Her fiction has appeared in many journals, newspapers, and
magazines, including The Sonora Review, The Great Stream Review, Cream City
Review, Art Times, US Catholic, Midway Journal, and the anthology
Dirt, published by The New Yinzer in Pittsburgh. Her short story
collection, What She Was Saying, was one of three finalists for the 2005
Katherine Anne Porter Book Award and a semifinalist for Eastern Washington
University’s Spokane Fiction Book
Award, Louisiana University Press’ Yellow Shoe Book Award, and Leapfrog Press' Book Award.
In addition,
she is the co-editor, with Jerry Wemple, of
Common Wealth: Contemporary Poets on
Pennsylvania
(Penn State Press, 2005) and has two children’s books,
A Crossing of Zebras: Animal Packs in Poetry
(Boyds Mills Press/WordSong, 2008) and
Rules of the Game: Baseball Poems
(Boyds Mills Press/WordSong,
2009).
Transplant, Transport, Transubstantiation
was a
runner-up (Brittingham), finalist, or semifinalist at 20 national
competitions, including the Nicholas Roerich Poetry Prize, OSU The
Journal Award, the Vassar Miller Prize, New Issues Press, the Coffee
House Press Poetry Prize, and the Winthrop Poetry Series Prize from Pleiades
Press. Local News From Someplace Else has been a finalist for the
Samuel French Morse Poetry Award, sponsored by Northeastern University; for the
Kentucky Women’s Prize, sponsored by Sarabande; for the Magellan Prize,
sponsored by Button Wood Press; for the Mammoth Books Poetry Award; the
Ashland Poetry Press Prize; and a semifinalist for the Crab Orchard Poetry
Award, and elsewhere.
Marjorie studied with A. R. Ammons, Robert Morgan,
Phyllis Janowitz, and Ken McClane at Cornell, where she received the Sage
Graduate Fellowship for her M.F.A. in poetry in 1989, and at the University
of Louisville with Sena Jeter Naslund, where she received an M.A. in English.
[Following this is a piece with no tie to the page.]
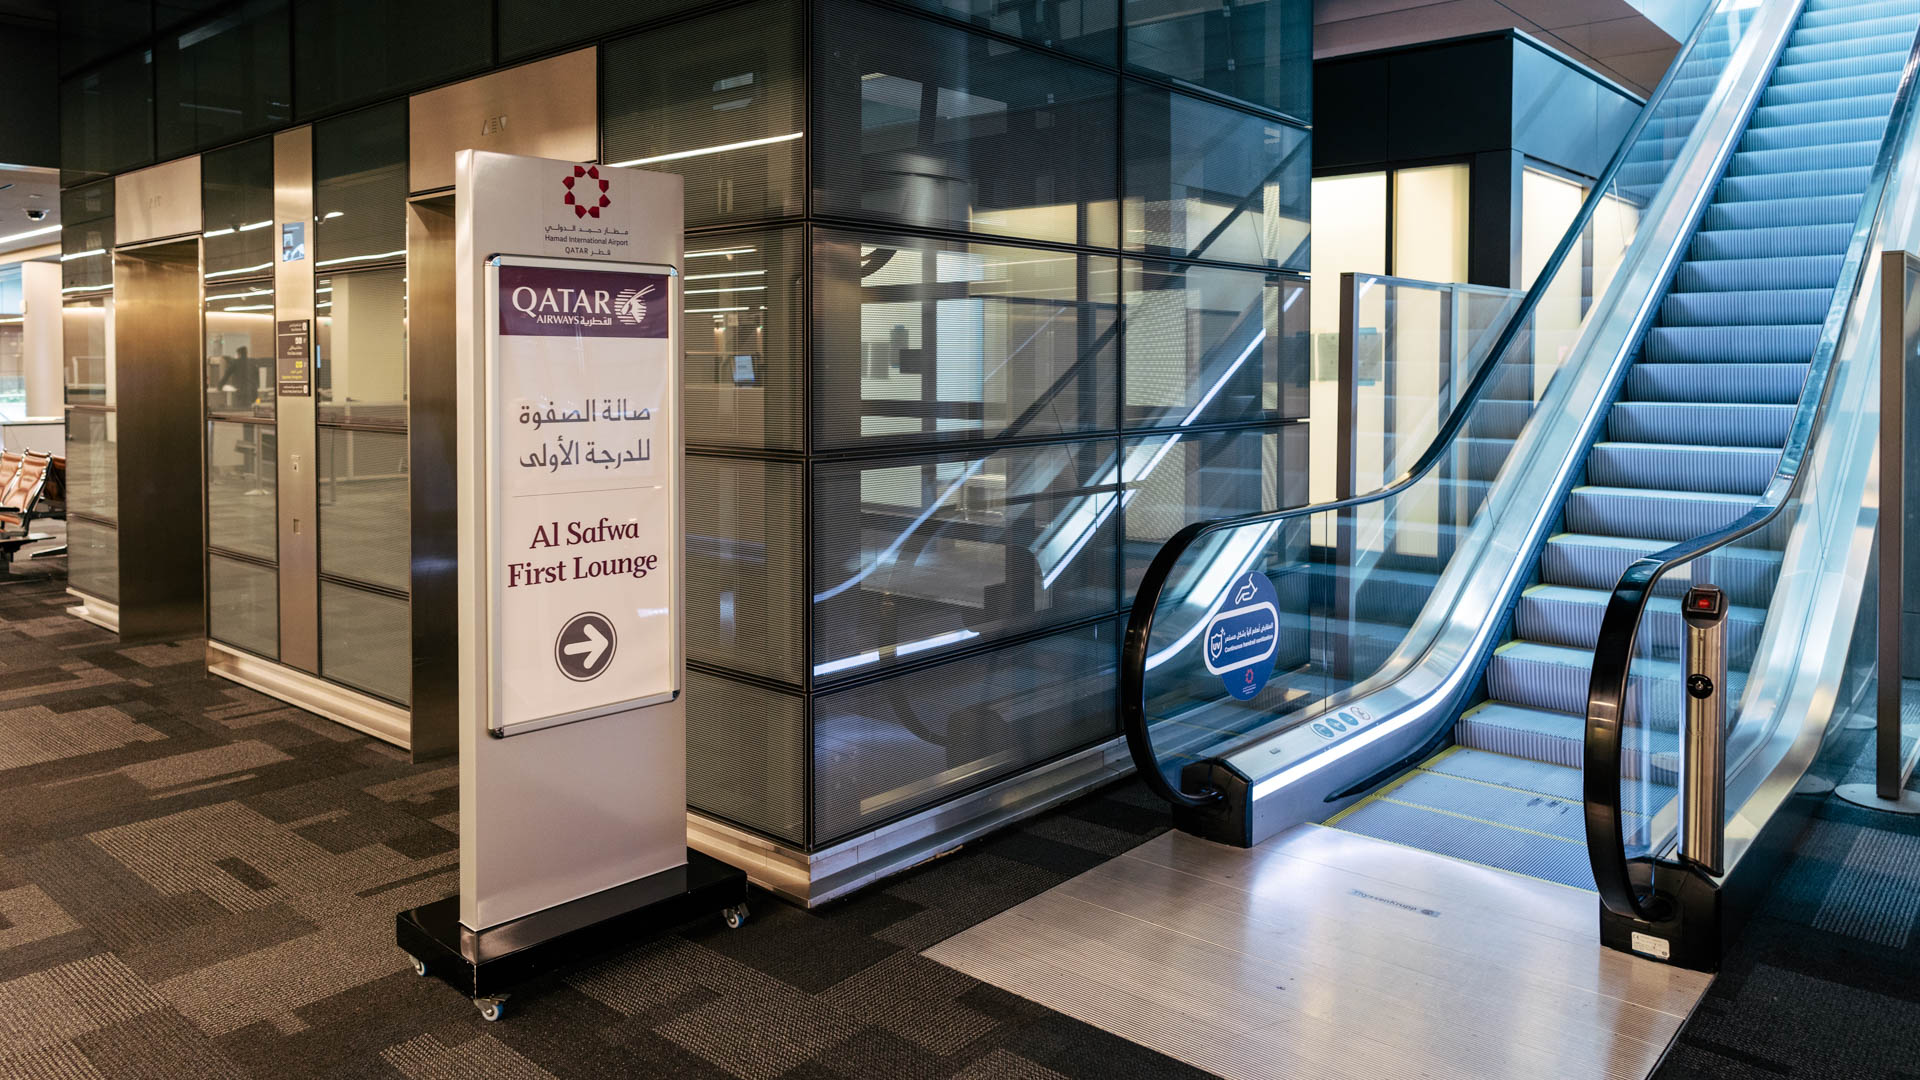 Qatar Airways Al Safwa Lounge escalator

Her numerous honors include Cornell University’s Chasen Award, the 2000
Paumanok Poetry Award, an Academy of American Poets Prize, the Seattle
Review’s Bentley Prize for Poetry, a Breadloaf Scholarship, and four
Pushcart Prize nominations. She lives with her husband and two children in
Williamsport, Pa., birthplace of Little League and home of the Little League
World Series. She is the great-niece of baseball legend Branch Rickey, the
Brooklyn Dodgers manager who helped break the color barrier by signing
Jackie Robinson.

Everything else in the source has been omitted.